The Energy Affordability Program will have a budget of up to $156 million.

CDM Plan and Mid-term Review

Although details of the various programs under the New CDM Framework have yet to come, by December 1, 2020 the IESO must deliver to the Minister a plan for the four-year term of the New CDM Framework.  The plan must include details of the CDM programs that will be offered, their estimated annual costs, and expected peak demand reduction and energy savings results.  The two targets for the term of the New CDM Framework will be the Electricity Target (the expected savings of total energy) and the Demand Reduction Target (the reduction in electricity demand).

The IESO must submit a report to the Minister no later than December 31, 2022 following the completion of a formal mid-term review.

The Energy Efficiency Auction

It is also important to note that the IESO is planning to pilot an Energy Efficiency Auction which will be separate from, but complementary to, the New CDM Framework.  In keeping with the tone of the New CDM Framework, the IESO is positioning the Energy Efficiency Auction as a competitive market-based mechanism for procuring energy efficiency.
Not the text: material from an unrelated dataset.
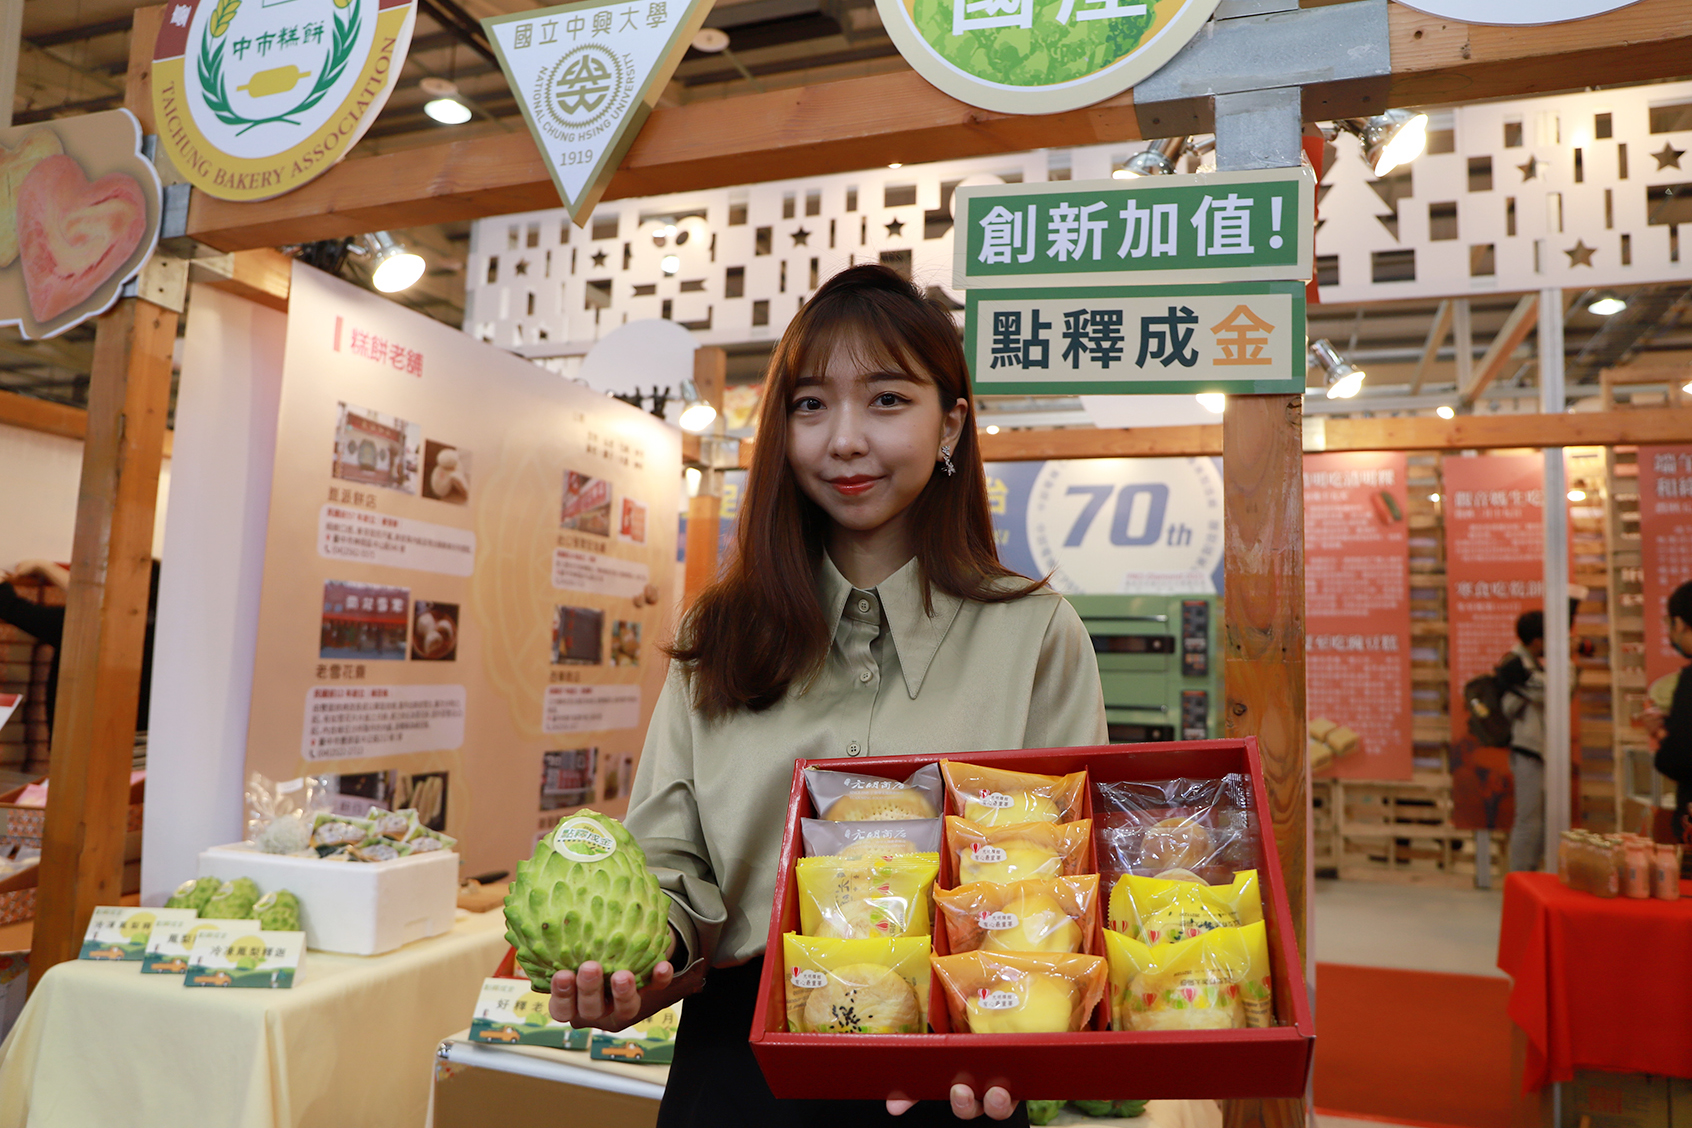 興大與臺中市糕餅公會合作產品展示多款創新鳳梨釋迦糕餅
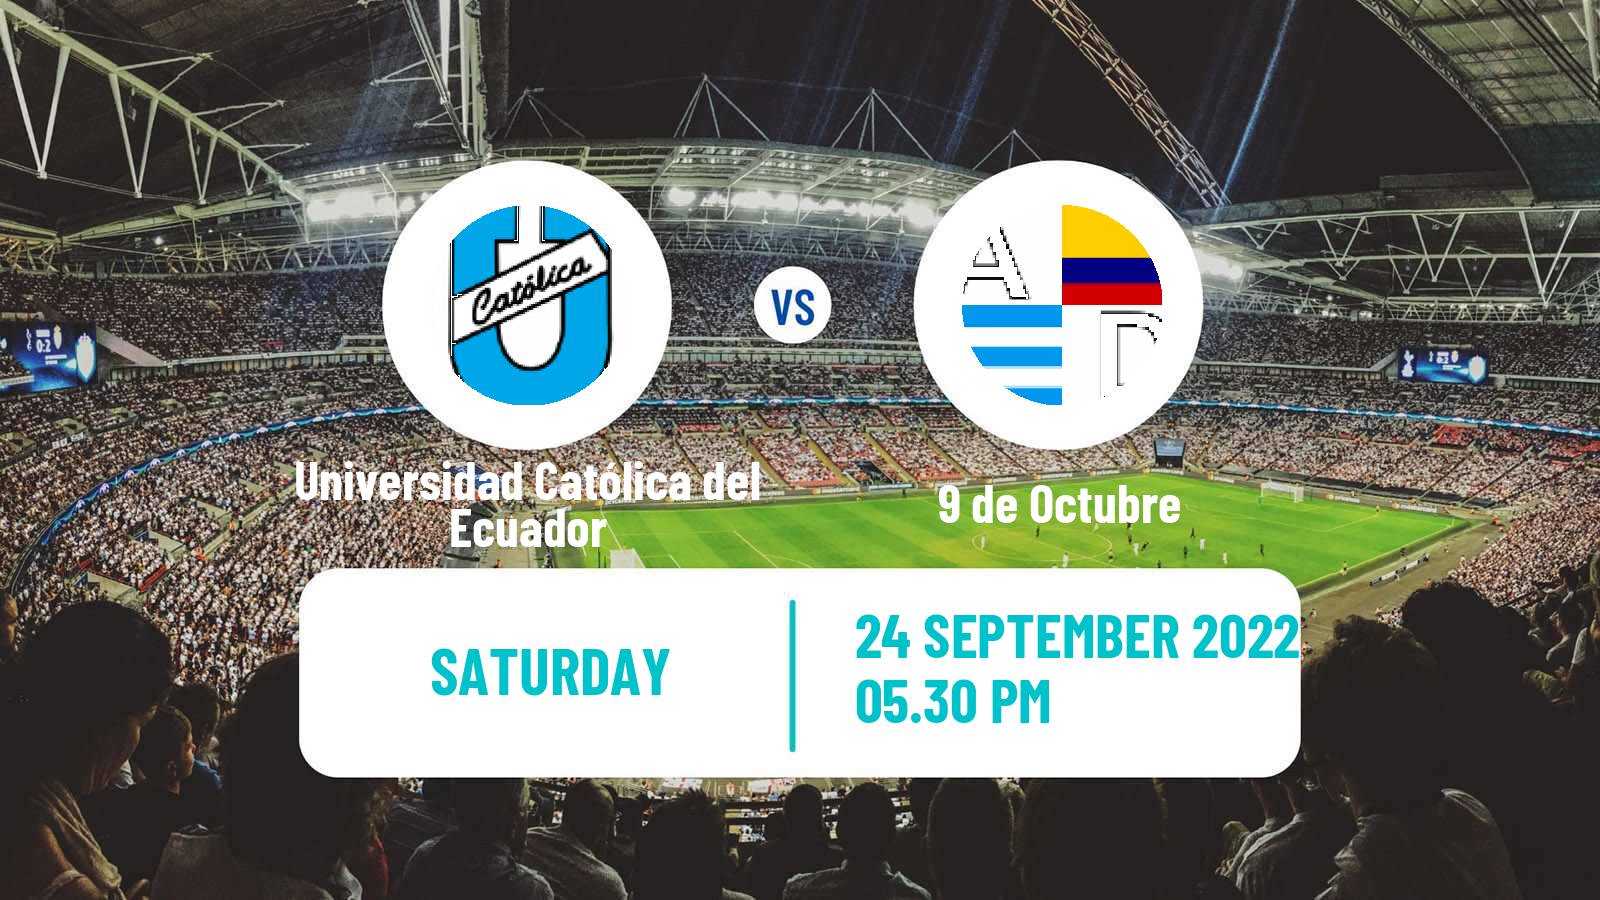 Soccer Ecuadorian Liga Pro Universidad Católica del Ecuador - 9 de Octubre

The pilot auction has a budget of $5 million and will procure up to 13 MW of peak demand reductions. It is expected to take place in March 2021 for capacity delivery starting in winter 2022 and summer 2023.


Animating this government's new CDM framework are; i) a focus on those consumer segments most in need of energy assistance; ii) moderated early year funding in recognition of the impact – economic and electricity related – of COVID-19; and iii) attention to program cost effectiveness and to where energy and demand reductions are most valuable to the Ontario electricity system. Gone is the previous framework's emphasis on achieving "all cost effective DSM". Overall, the new framework enhances economic discipline in the delivery of ratepayer-funded electricity conservation programing.